There is good and bad in everything, especially in travelling, and especially in cities like Paris where the bad bits are proportional to the good. Living in France is stereotypically wonderful, yes, but it cannot be so every day, for fear of overwhelming my digestive system and going broke in a week. So Paris on an ordinary day is really cold, especially before the sun rises (if it rises), and the Tuileries gardens are flooded with the watered down sands of tourist season, footprints lost in wintery pits of water. When I arrived in Paris on Wednesday, stomach still throbbing, the city was freezing and dark and I was pushed out of the way by a hoard of black-suited people on their way to high-pressure jobs which exist, yes, even in Paris. I was standing in a puddle of mud in the Jardin des Tuileries, warming my hands with the friction of my wool coat and waiting for the Orangerie museum to open, when the sun rose, almost on cue at 8:30. There is good and bad in everything, especially in travelling, and especially in cities like Paris, but the good bits are all the greater for the bad ones. Paris is even wonderful in the cold with a stomachache and the empty Tuileries gardens are beautiful even in the early morning of winter, when the only place to stand is in a giant mud bath.
Eventually, the museum opened and I entered gratuitement (another wonderful thing about Paris—anyone under 26 with a permanent residency gets free entry to national museums) to see the temporary installation on Frida Kahlo and Diego Rivera, another two people who would agree that there is good and bad in everything. The whole exhibition was a vision of contrast and concordance—Frida’s works are generally smaller in size and pastoral in theme, while Diego is famous for his loud murals—and for me, finding a piece of Latin America in Paris was an unexpected alignment of my studies in French and Spanish. I felt immediately guilty for considering skipping the excursion and immersed myself in planning the next seven hours down to the minute in order to exploit the rare sunny day.

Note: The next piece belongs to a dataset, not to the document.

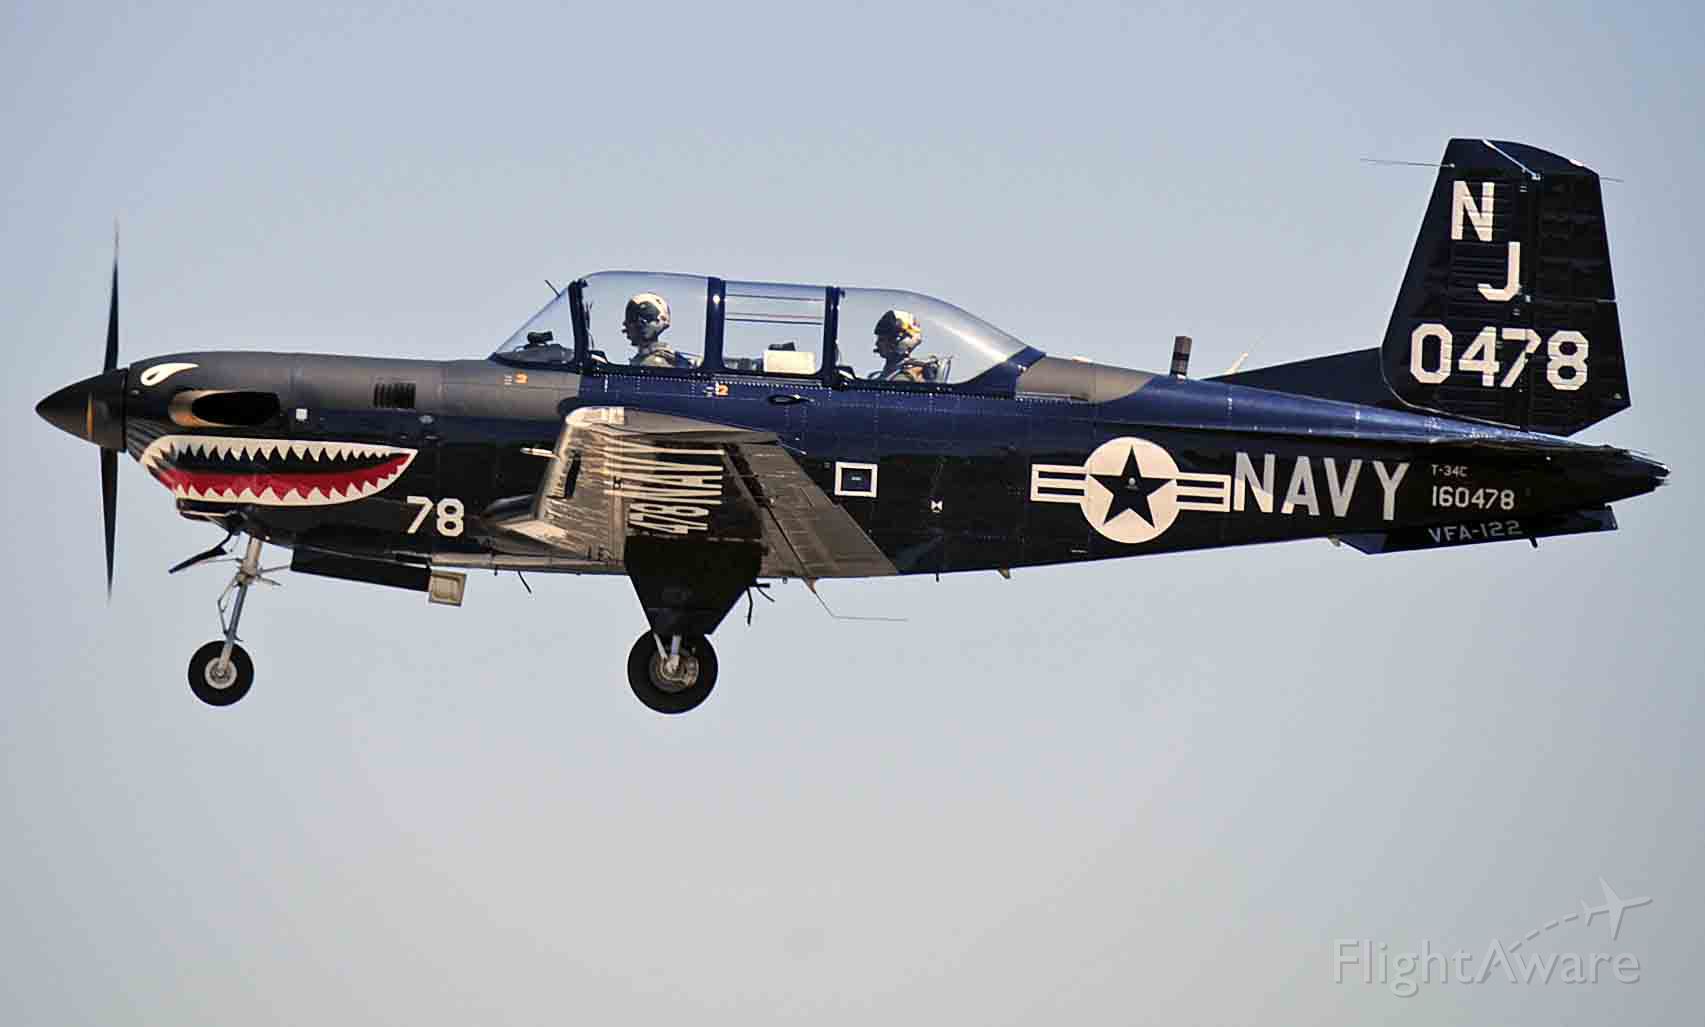 — — - VMA-122 T-34C touch-and-goes at Merced Regional Airport (KMCE)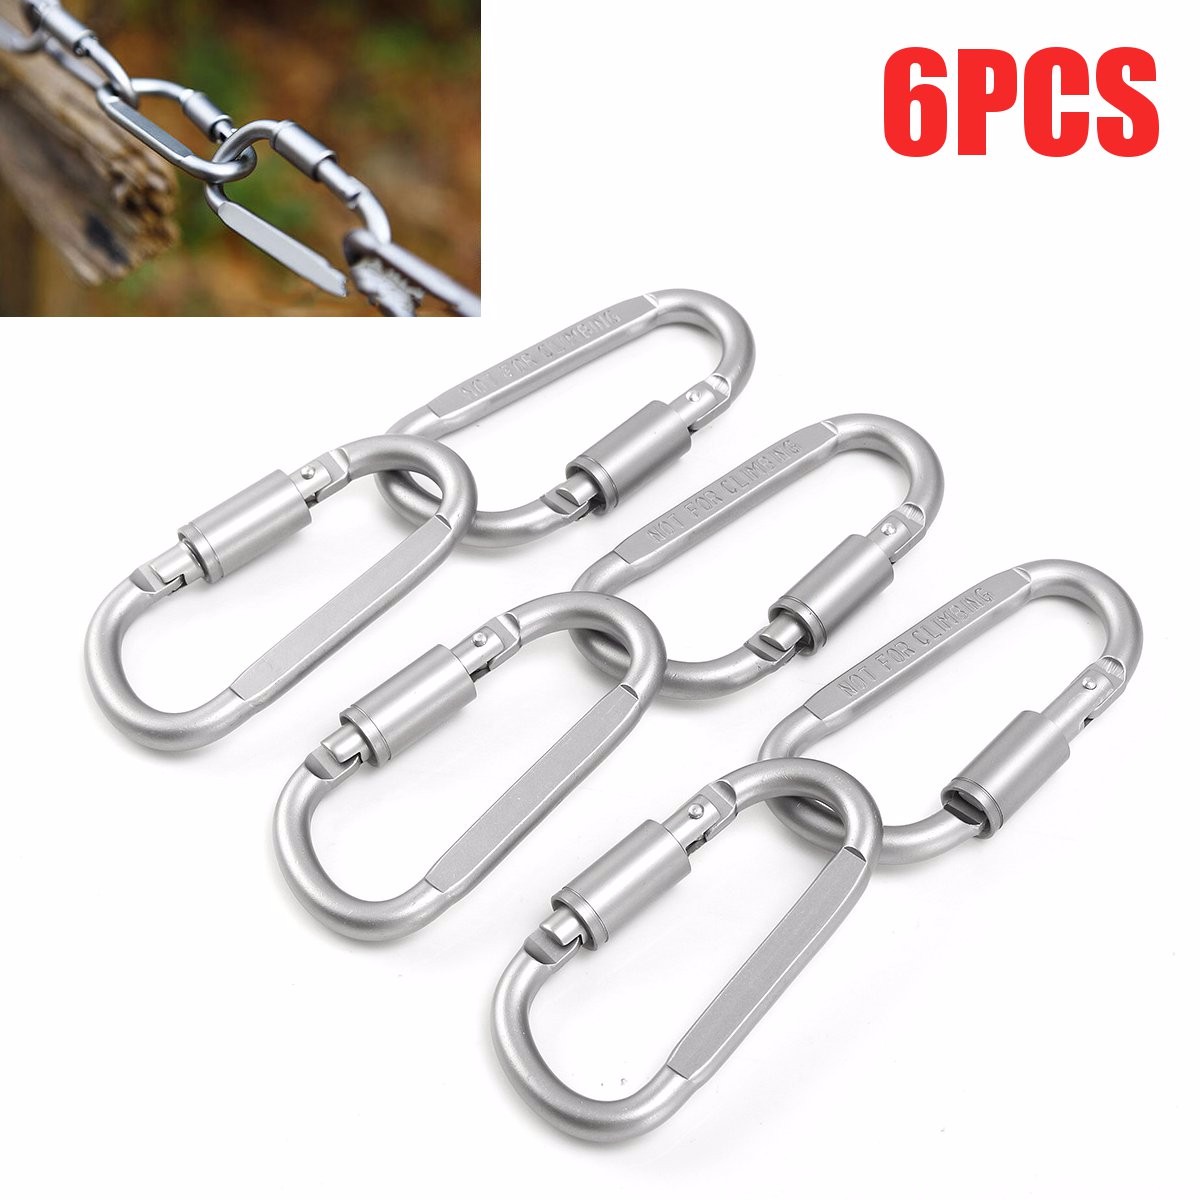 

6Pcs Aluminum D-Ring Key Chain Clip Hook Buckle Outdoor Camping Hiking Tools

My stomach began to feel better as the sun rose and as I drank uncalled for amounts of water in public—clearly an American tourist! This was the first bright day I think I have ever experienced in Paris, and though it was still freezing, the city looked so much warmer in the light. I wandered around the Père Lachaise cemetery for several hours, as I had never had a rain-free opportunity to do so, and then grabbed lunch at an out-of-the-way, tiny restaurant that held only five tables, one of my favorite hobbies in France being the discovery of local dives. Lunch was a three-course meal complete with red wine, velouté de potiron (pumpkin soup), crevettes au riz (a Spanish dish of shrimp and wild rice) and a café, an ironic combination of flavors that merged my interests just as the earlier museum exhibition had done. After lunch, I found the energy to hike through Montmartre and revisit Sacre Coeur, admire the Christmas decorations at the Galleries LaFayette and then make my way to the Louvre around 6pm to take some night shots of the pyramid and use my all-important secret visa entry just to revisit my favorite statue of Amour et Psyché. I have a not-so-secret addiction to Paul, the French fast-food sandwich shop that hasn’t made it to Troyes, so I made it back to the train station just in time to grab my favorite sandwich and macaron combination and then pass out on the train.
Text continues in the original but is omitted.